MEG. Chi mi sorprende?

ARI. (Oh stelle!)

MEG. (Oh dei!)

ARI. Megacle! mia speranza!

Ah sei pur tu? Pur ti riveggo? Oh Dio!

di gioia io moro; ed il mio petto appena

può alternare i respiri. Oh caro! Oh tanto

e sospirato e pianto

e richiamato in vano! Udisti al fine

la povera Aristea. Tornasti: e come

opportuno tornasti! Oh Amor pietoso!

Oh felici martìri!

Oh ben sparsi fin or pianti e sospiri!

MEG. (Che fiero caso è il mio!)

ARI. Megacle amato,

e tu nulla rispondi?

E taci ancor? Che mai vuol dir quel tanto

cambiarti di color? Quel non mirarmi

che timido e confuso? E quelle a forza

lagrime trattenute? Ah! più non sono

forse la fiamma tua? Forse...

MEG. Che dici!

Sempre... Sappi... Son io...

Parlar non so. (Che fiero caso è il mio!)
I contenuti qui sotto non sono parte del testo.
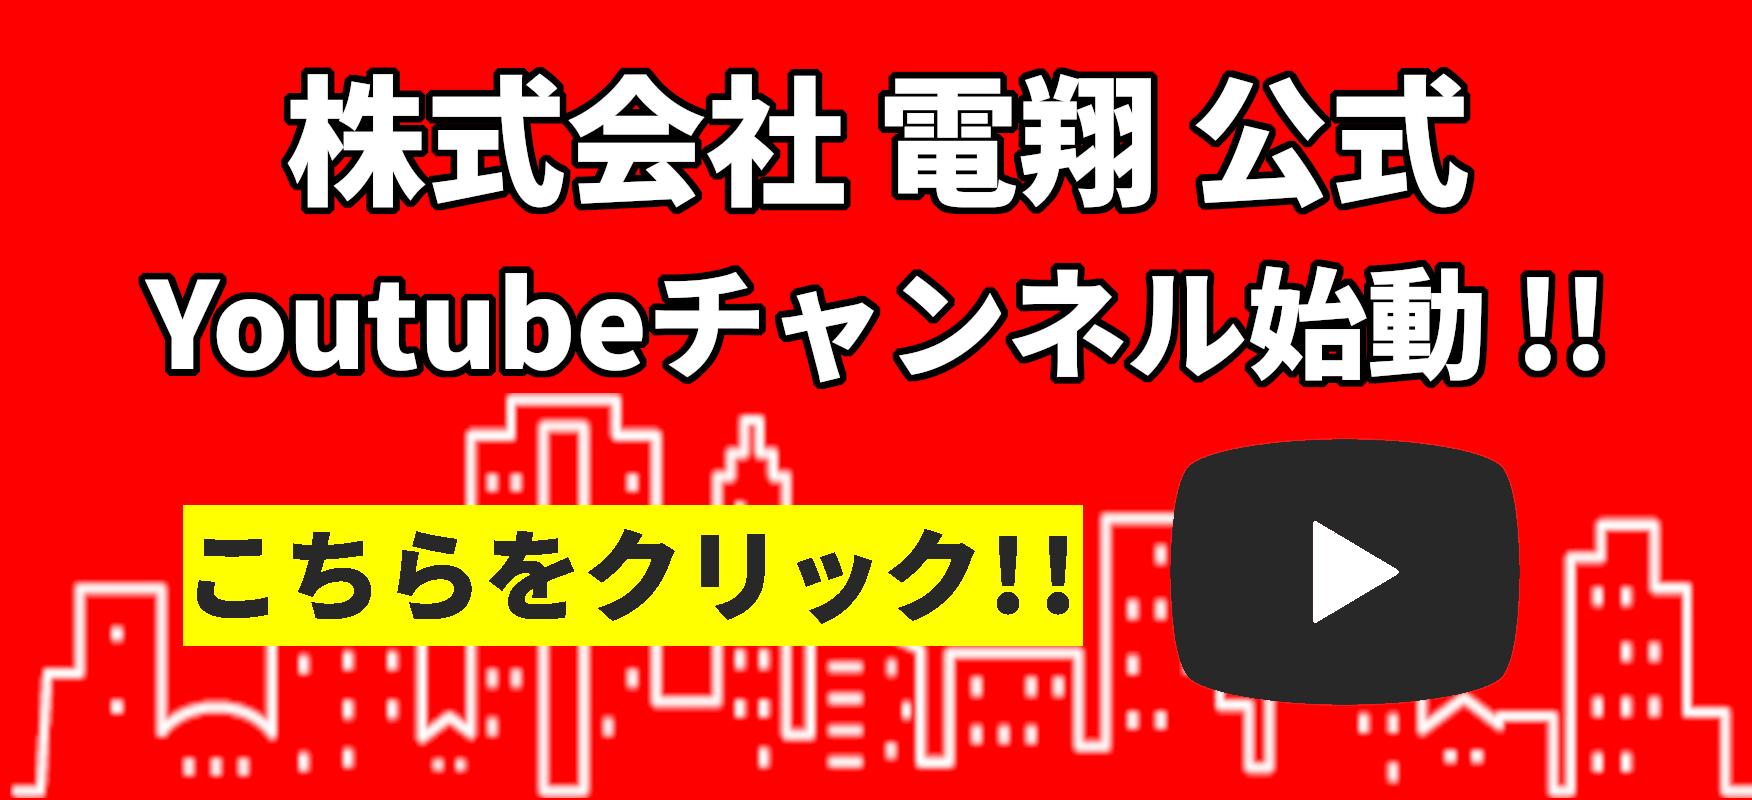 電翔youtube

ARI. Ma tu mi fai gelar. Dimmi: non sai

che per me qui si pugna?

MEG. Il so.

ARI. Non vieni

ad esporti per me?

MEG. Sì.

ARI. Perché mai

dunque sei così mesto?

MEG. Perché... (Barbari dei, che inferno è questo!)

ARI. Intendo: alcun ti fece

dubitar di mia . Se ciò t'affanna,

ingiusto sei. Da che partisti, o caro,

non son rea d'un pensier. Sempre m'intesi

la tua voce nell'alma: ho sempre avuto

il tuo nome fra' labbri,

il tuo volto nel cor. Mai d'altri accesa

non fui, non sono, e non sarò. Vorrei...

MEG. Basta: lo so.

ARI. Vorrei morir più tosto

che mancarti di fede un sol momento.

MEG. (Oh tormento maggior d'ogni tormento!)
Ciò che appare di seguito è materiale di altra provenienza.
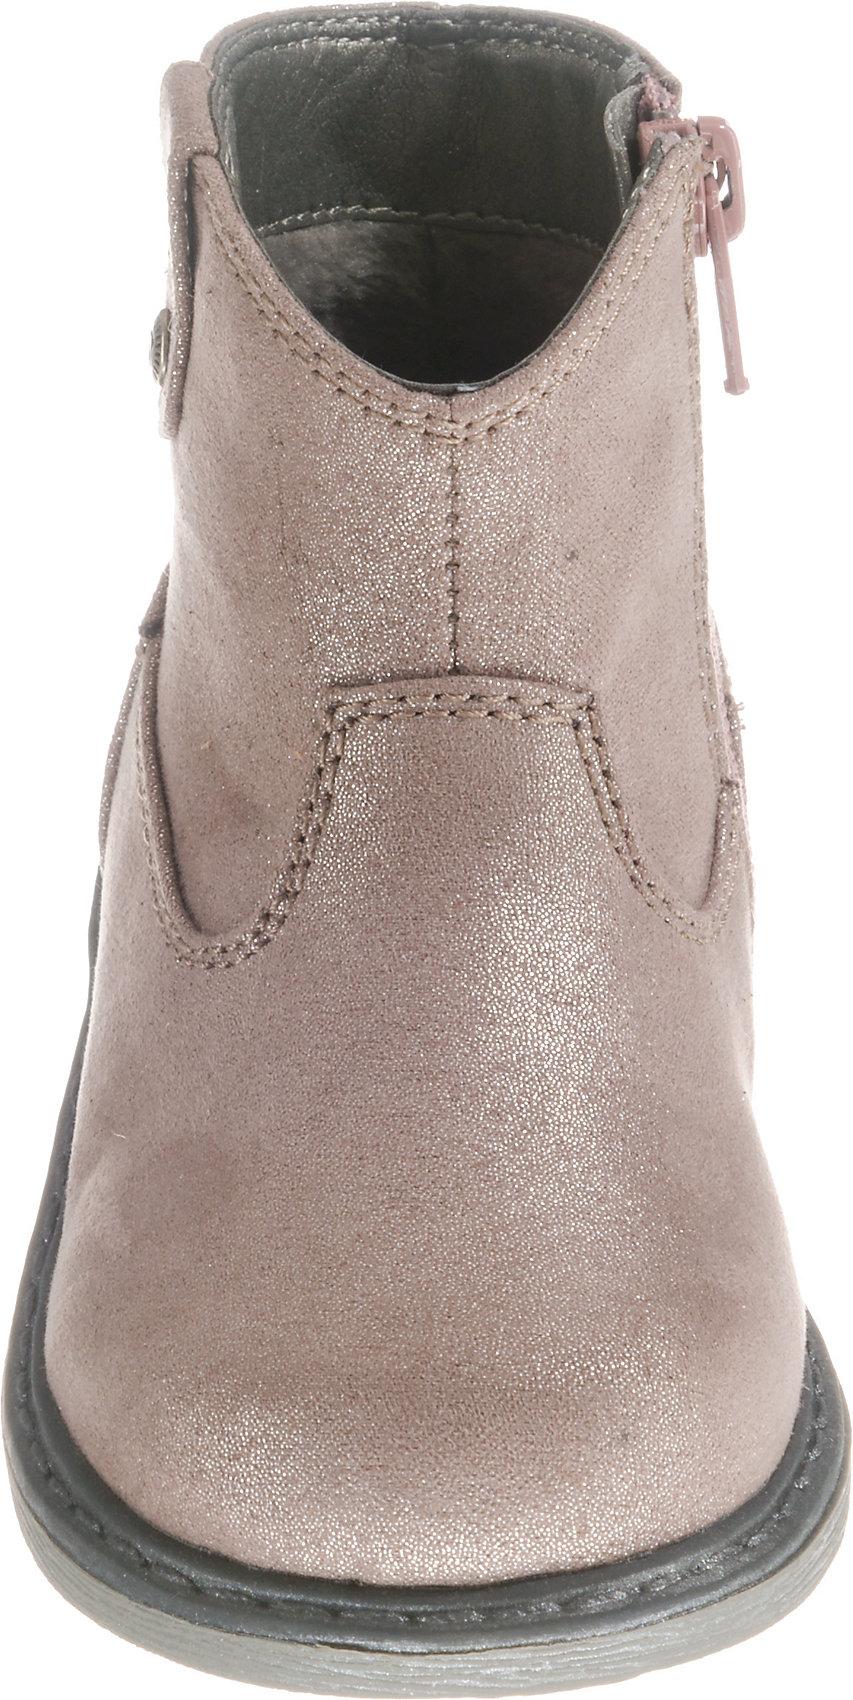 Neu SPROX Baby Stiefel für Mädchen 8431348 für Mädchen taupe

ARI. Ma guardami, ma parla,

ma ...

MEG. Che posso dir?

ALC. Signor, t'affretta,

se a combatter venisti. Il segno è dato,

che al gran cimento i concorrenti invita.

MEG. Assistetemi, o numi. Addio, mia vita.

ARI. E mi lasci così? Va; ti perdono,

pur che torni mio sposo.

MEG. Ah sì gran sorte

non è per me!

ARI. Senti. Tu m'ami ancora?

MEG. Quanto l'anima mia.

ARI. Fedel mi credi?

MEG. Sì, come bella.

ARI. A conquistar mi vai?

MEG. Lo bramo almeno.

ARI. Il tuo valor primiero

hai pur?

MEG. Lo credo.

ARI. E vincerai?

MEG. Lo spero.

ARI. Dunque allor non son io,

caro, la sposa tua?

MEG. Mia vita... Addio.

Ne' giorni tuoi felici

ricordati di me.

ARI. Perché così mi dici,

anima mia, perché?

MEG. Taci, bell'idol mio.

ARI. Parla, mio dolce amor.

MEG. Ah che parlando oh Dio!

ARI. Ah che tacendo oh Dio!

A DUE tu mi trafiggi il cor.

ARI. (Veggio languir chi adoro,

intendo il suo languir).

MEG. (Di gelosia mi moro,

e non lo posso dir).

A DUE Chi mai provò di questo

affanno più funesto,

più barbaro dolor!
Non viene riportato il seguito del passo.